GEC1 Did Not Affect U50,488H-induced Desensitization or Internalization of the hKOR—Following incubation of cells with 1 µM U50,488H for 1 h, the E_max of U50,488H in promoting [³⁵S]GTPS binding was reduced with no change in the EC₅₀, indicating that the hKOR is desensitized, similar to what we observed previously (28, 33). Expression of HA-GEC1 and HA-GEC1-(38–117) in CHO-sF-hKOR cells did not affect U50,488H-induced desensitization (data not shown). In addition, pretreatment with 1 µM U50,488H for 30 min caused internalization of 30% of FLAG-hKOR, similar to our previous reports (34). U50,488H promoted similar degree of FLAG-hKOR internalization in CHO-sFLAG-hKOR cells transfected with the vector and HA-GEC1.
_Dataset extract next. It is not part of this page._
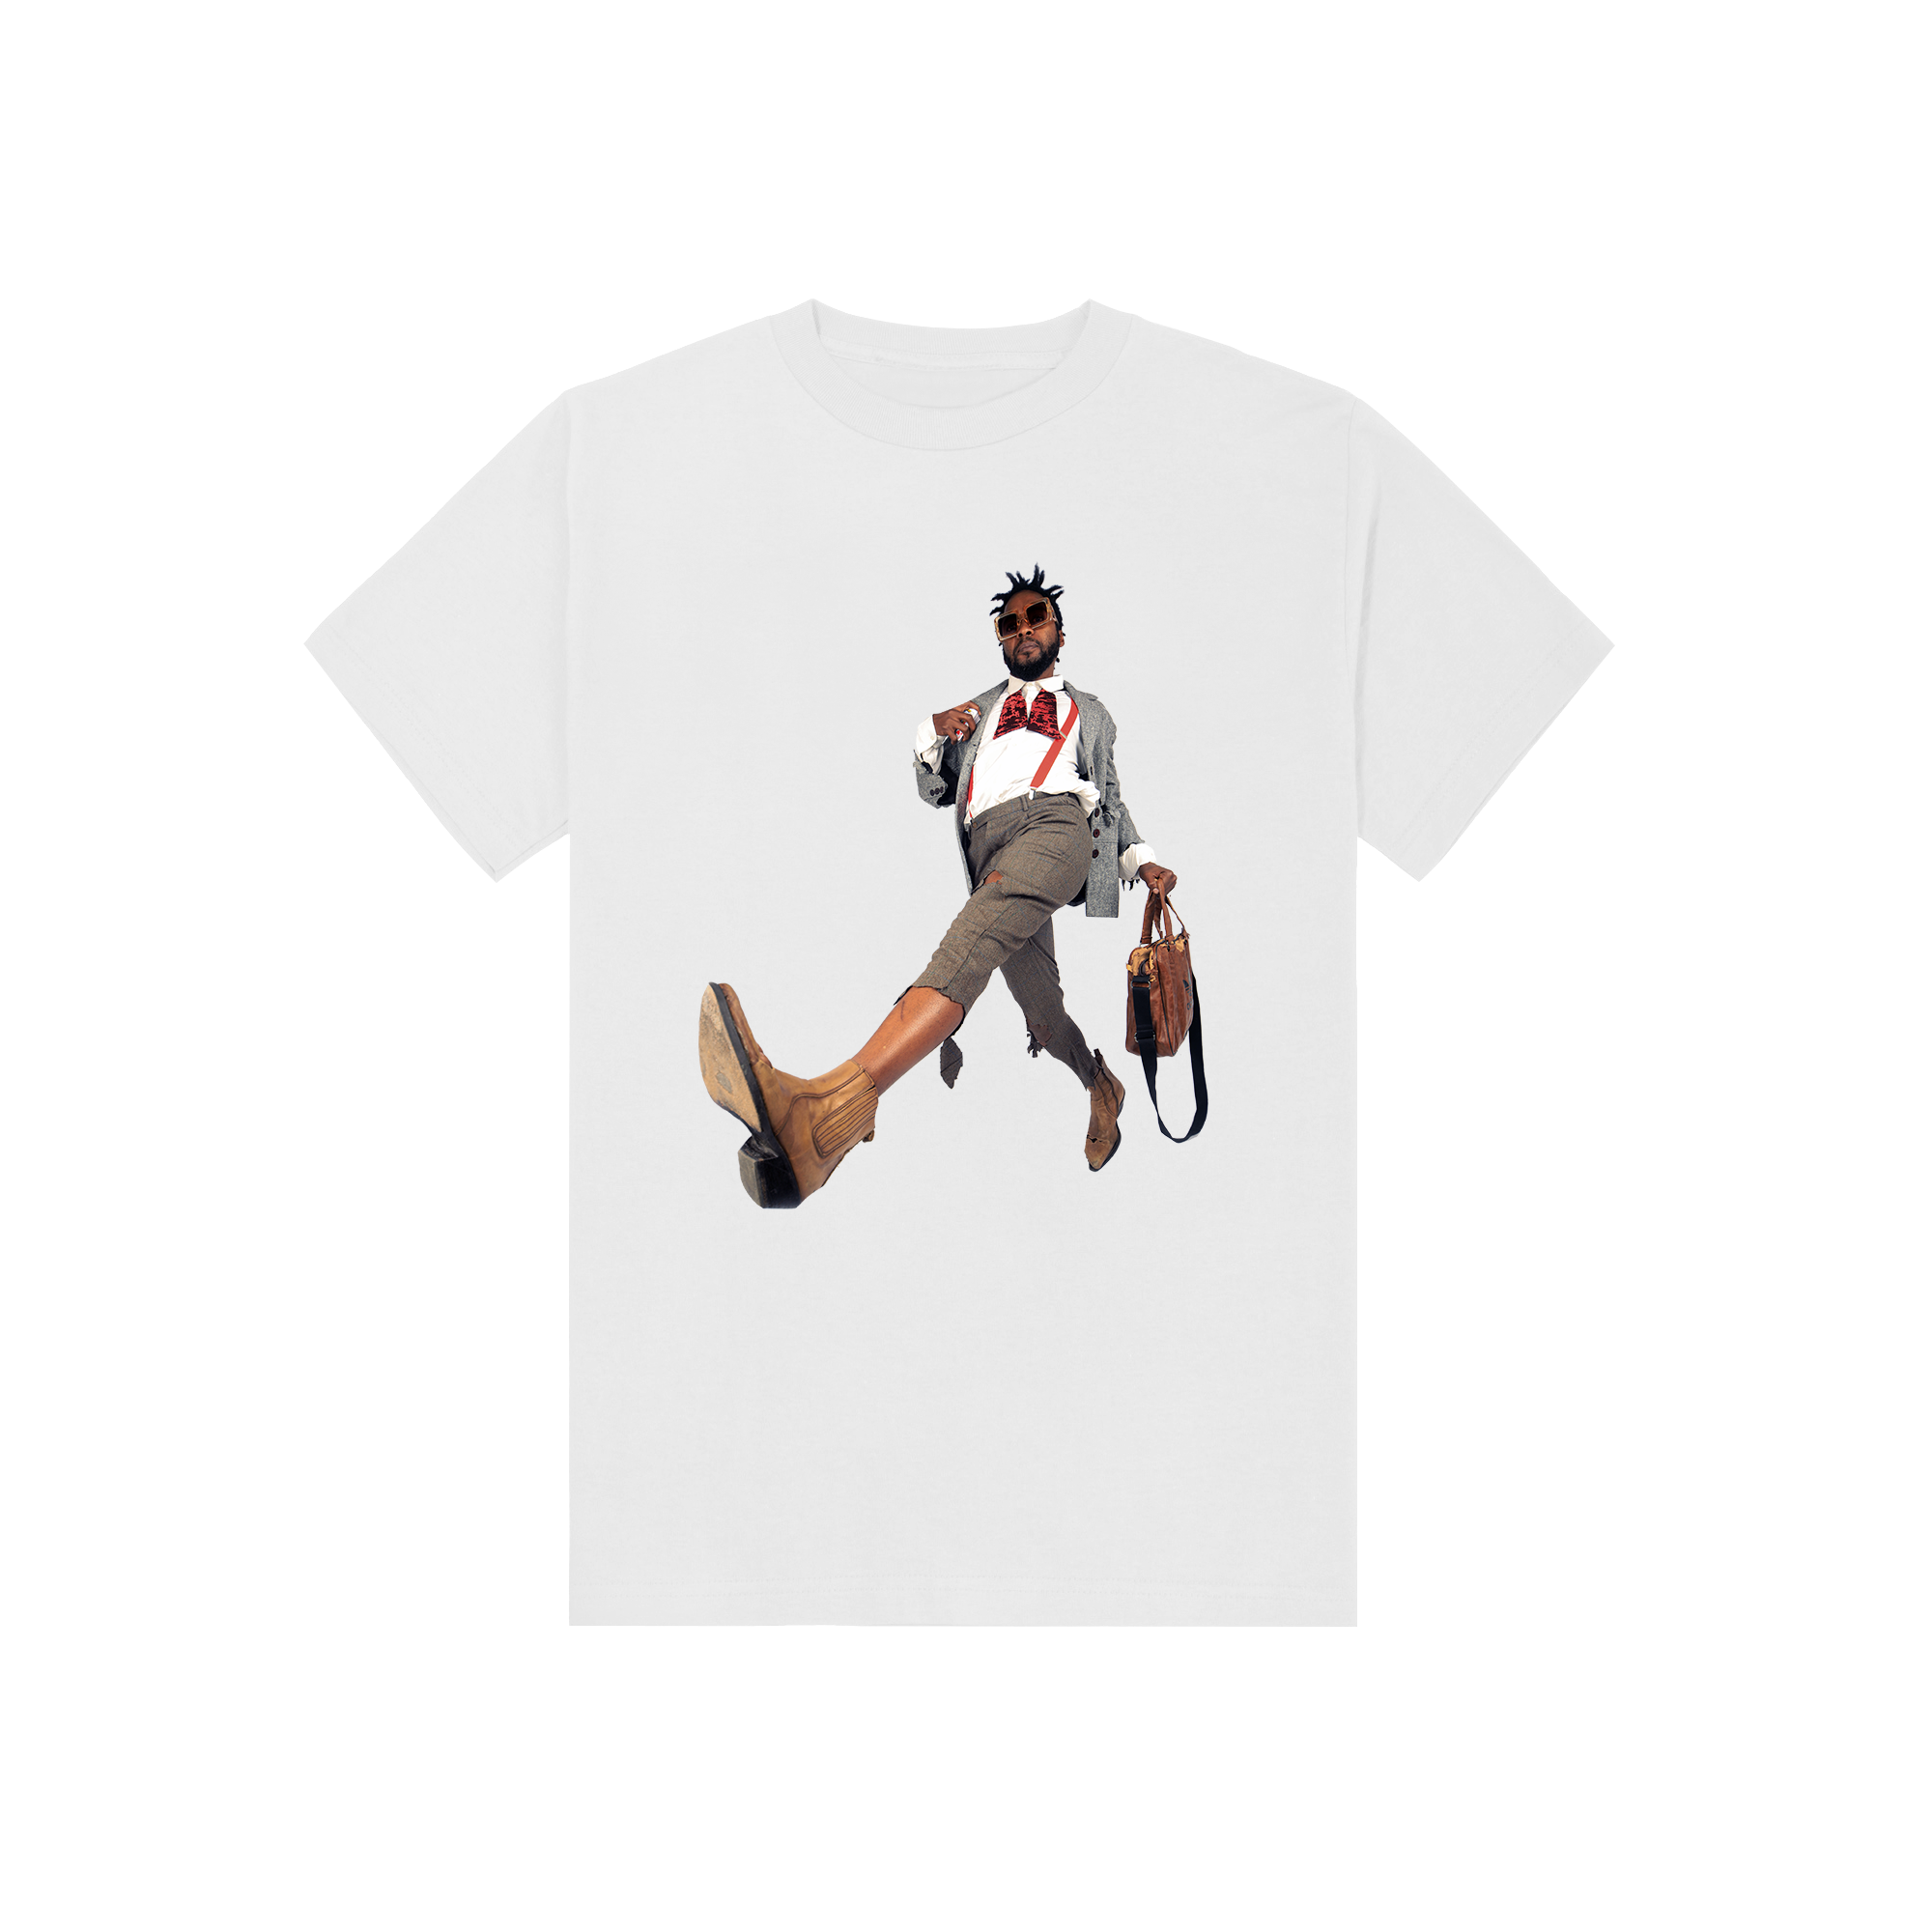 Limited iFani 'La Walk' T-shirt (Preorder)
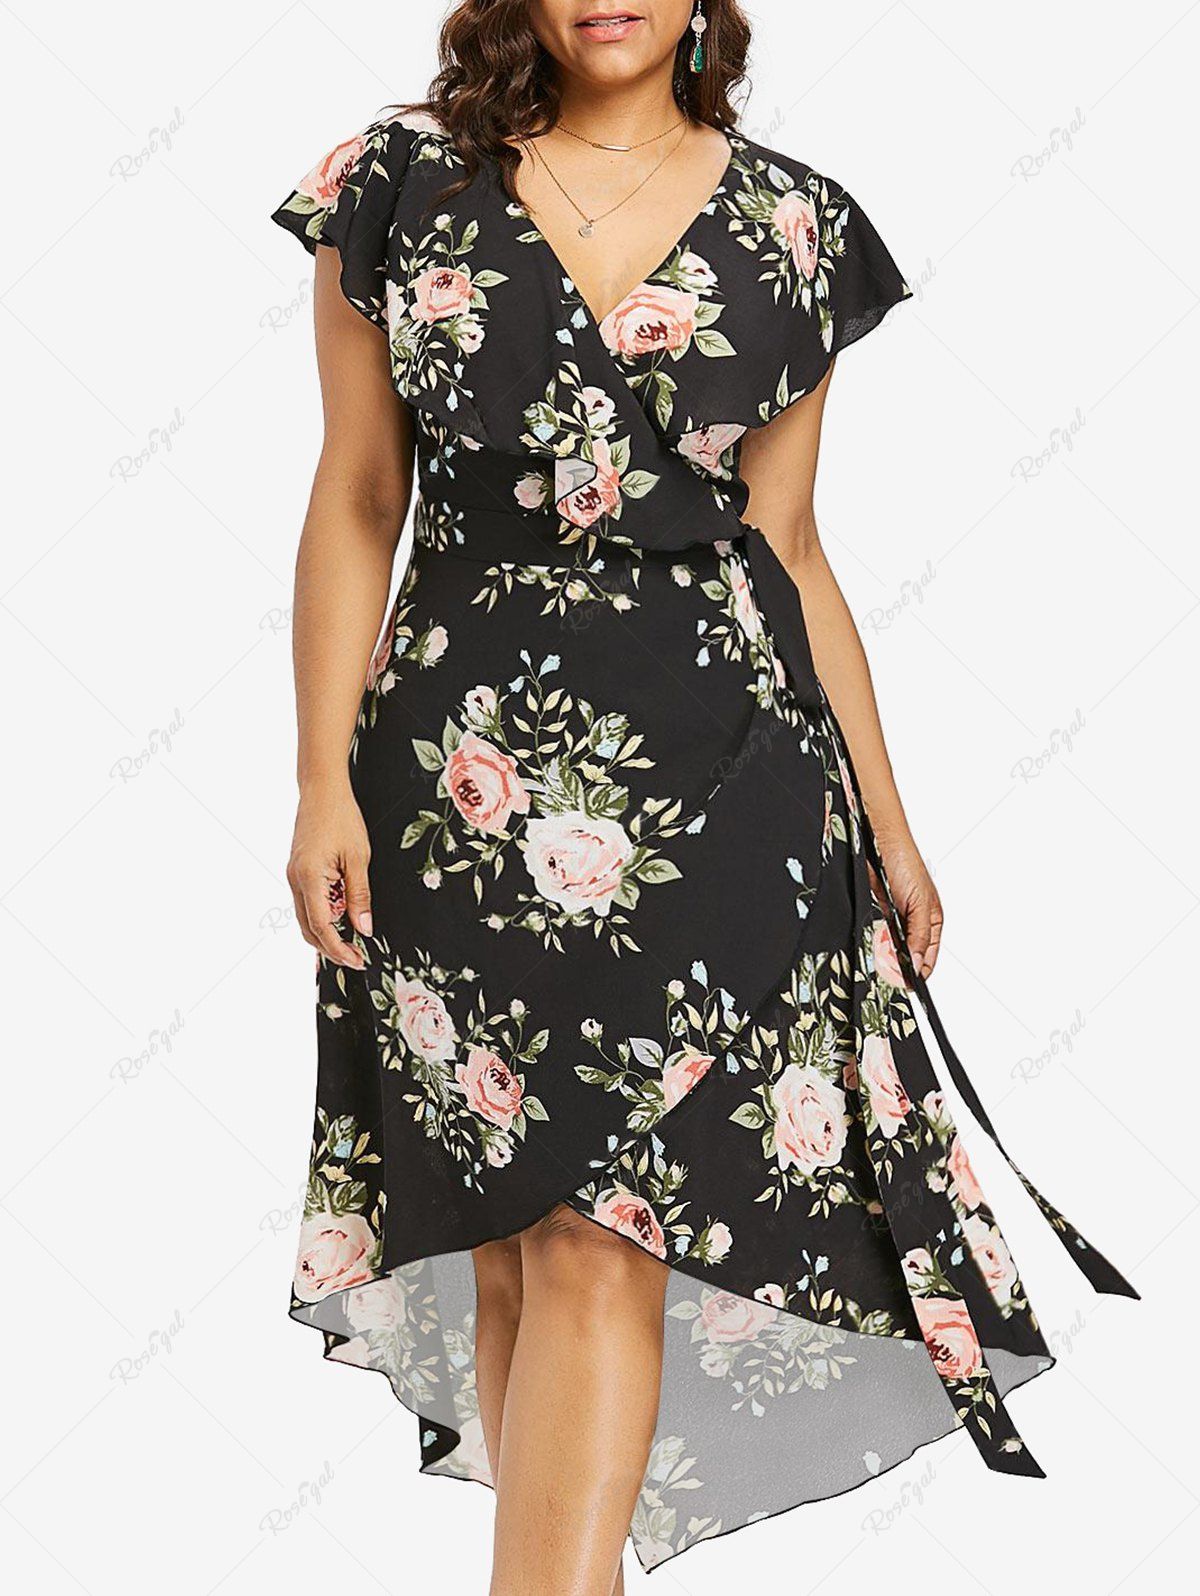 Chic Plus Size Chiffon Floral Print Tied Asymmetric Dress

GEC1 Reduced U50,488H-induced Down-regulation of the hKOR—Incubation of CHO-sFLAG-hKOR cells with U50,488H for 4 h resulted in 25% reduction in 55-kDa band, similar to what we observed previously by receptor binding (33) and by immunoblotting (31). GEC1 expression reduced the degree of U50,488H-induced down-regulation of FLAG-hKOR to 18% (Fig. 5).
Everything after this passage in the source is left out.